Olivem 900 or Olivem 1000 (Cetearyl Olivate and Sorbitan Olivate)
Olivem 900 and Olivem 1000 are natural emulsifiers that are derived from olives. It’s an emulsifier and a thickening agent, so it works well for night creams and sunscreen. This is our emulsifier of choice when creating DIY beauty products.
Xyliance® (Cetearyl Wheat Straw Glycosides and Cetearyl Alcohol)
Xyliance® is one of the oldest and most well-known natural emulsifiers, but it’s made with palm oil, so we do not recommend using it.
Ritamulse SCG (Glyceryl Stearate, Cetearyl Alcohol and Sodium Stearoyl Lactylate)
Ritamulse is made from plants, and it’s a natural emulsifier and a thickening agent (similar to olivem).
You can find Ritamulse under brand names like ECOmulse and Naturmulse.
Lecithin is a natural blend of lipids that are found in food sources such as egg yolks and soybeans. Soya lecithin is the most popular for beauty products.
It creates a thick and creamy substance that can be great for dry skin, and it contains natural antioxidants. However, lecithin creates very heavy cream that doesn’t absorb as well as other emulsifiers, so it’s not the best for day creams or hand lotions.
Is Beeswax a Natural Emulsifier?
Contrary to popular belief, beeswax on its own is NOT an emulsifier.
Beeswax has oil-like properties, so you either have to emulsify it or you actually have to alter it before using it in beauty products.
How?
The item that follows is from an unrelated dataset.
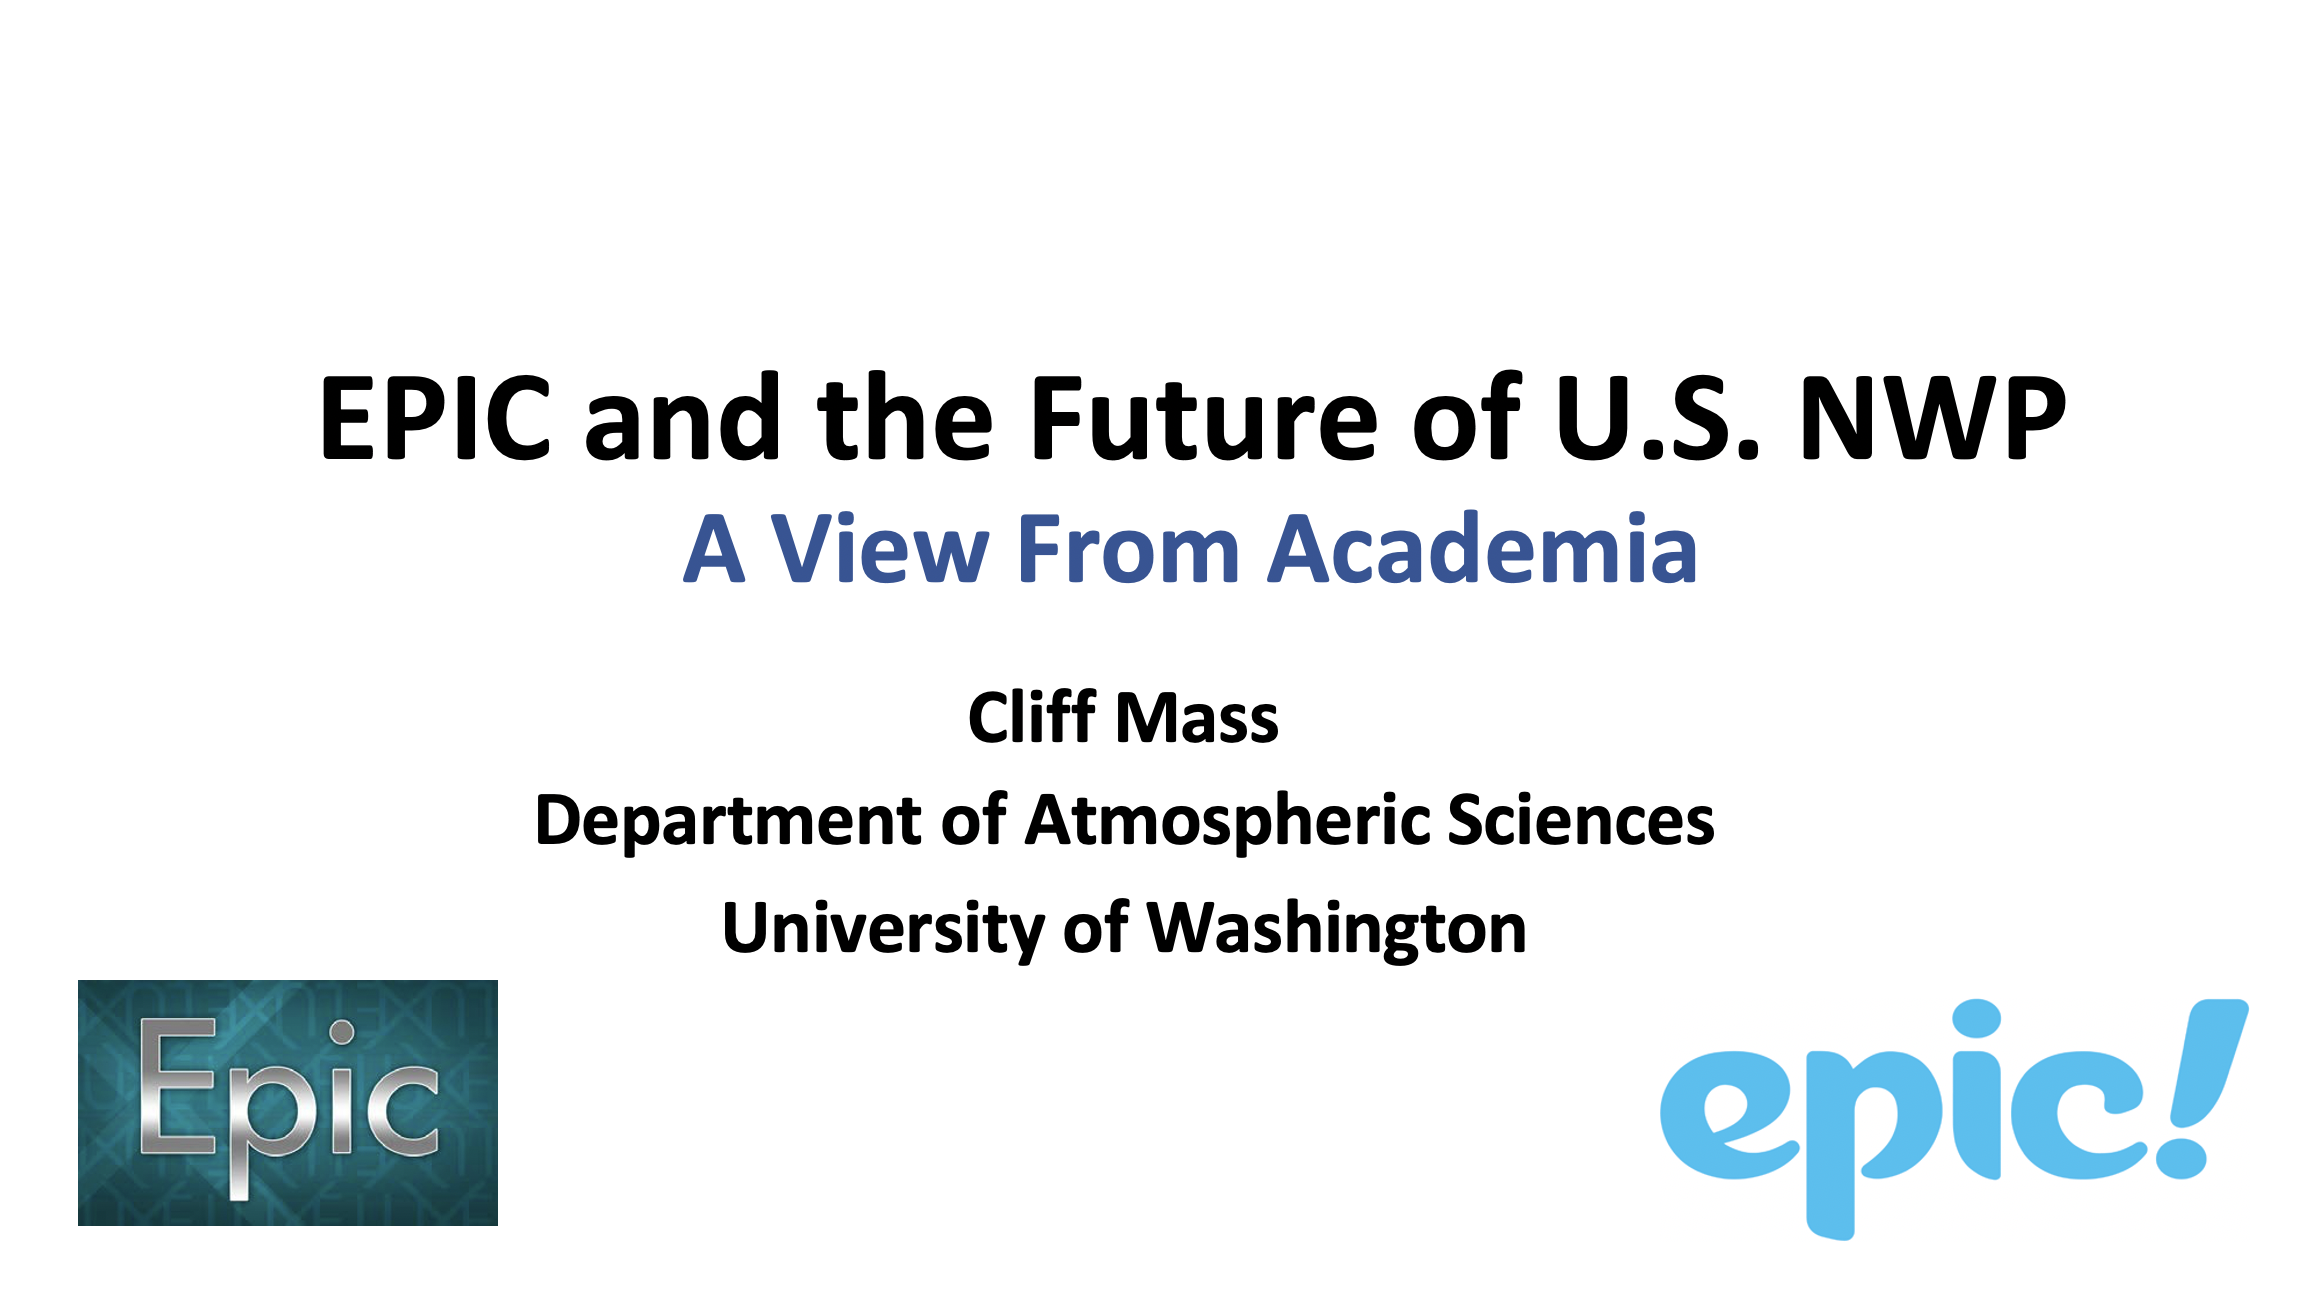 EPIC and the Future of U.S. NWP: A View From Academia

Typically with borax.
Borax turns beeswax into soap, and that soap then becomes a natural emulsifier.
Sounds simple enough right? Borax is a naturally-occurring mineral. It must be safe…
Unfortunately, borax is carcinogenic and it’s actually been banned from some uses in the EU, so you shouldn’t use borax if you’re trying to detox your beauty products.
You can, however, use beeswax on its own as long as you plan to use your product within a few days (because without an emulsifier, it won’t be shelf-stable).
Is Coconut Oil an Emulsifier?
Coconut oil is not an emulsifier either. It’s an oil that needs an emulsifier in order to blend with water.
How to Make Products with Natural Emulsifiers
Just do it.
I know that sounds incredibly simple, but when you’re making beauty products, the basic principle is to simply create the solution.
Many people talk about a “heat and hold” method where you heat the ingredients to 158-degrees fahrenheit (70-degrees celsius), but there’s really no need to do this. All you need to do is heat your ingredients enough for the solution to liquify. If they’re already liquid, you just have to mix them together.
Formula Botanica, an online institution that offers courses for organic product formulation, can teach you more about the myths behind the heat and hold method.
How to Make a Basic Lotion with a Natural Emulsifier
Want to experiment a little bit and make a unique natural lotion at home? Here are the basic quantities that you’ll need of each ingredient:
- 6-11% emulsifier or co-emulsifier
- 20-40% oils or butters
- Fill up with water & other additives (like essential oils)
If you’re interested in making lotions and other beauty products for you and your family, consider what kind of emulsifier you’ll use, then come back here and tell us what you made!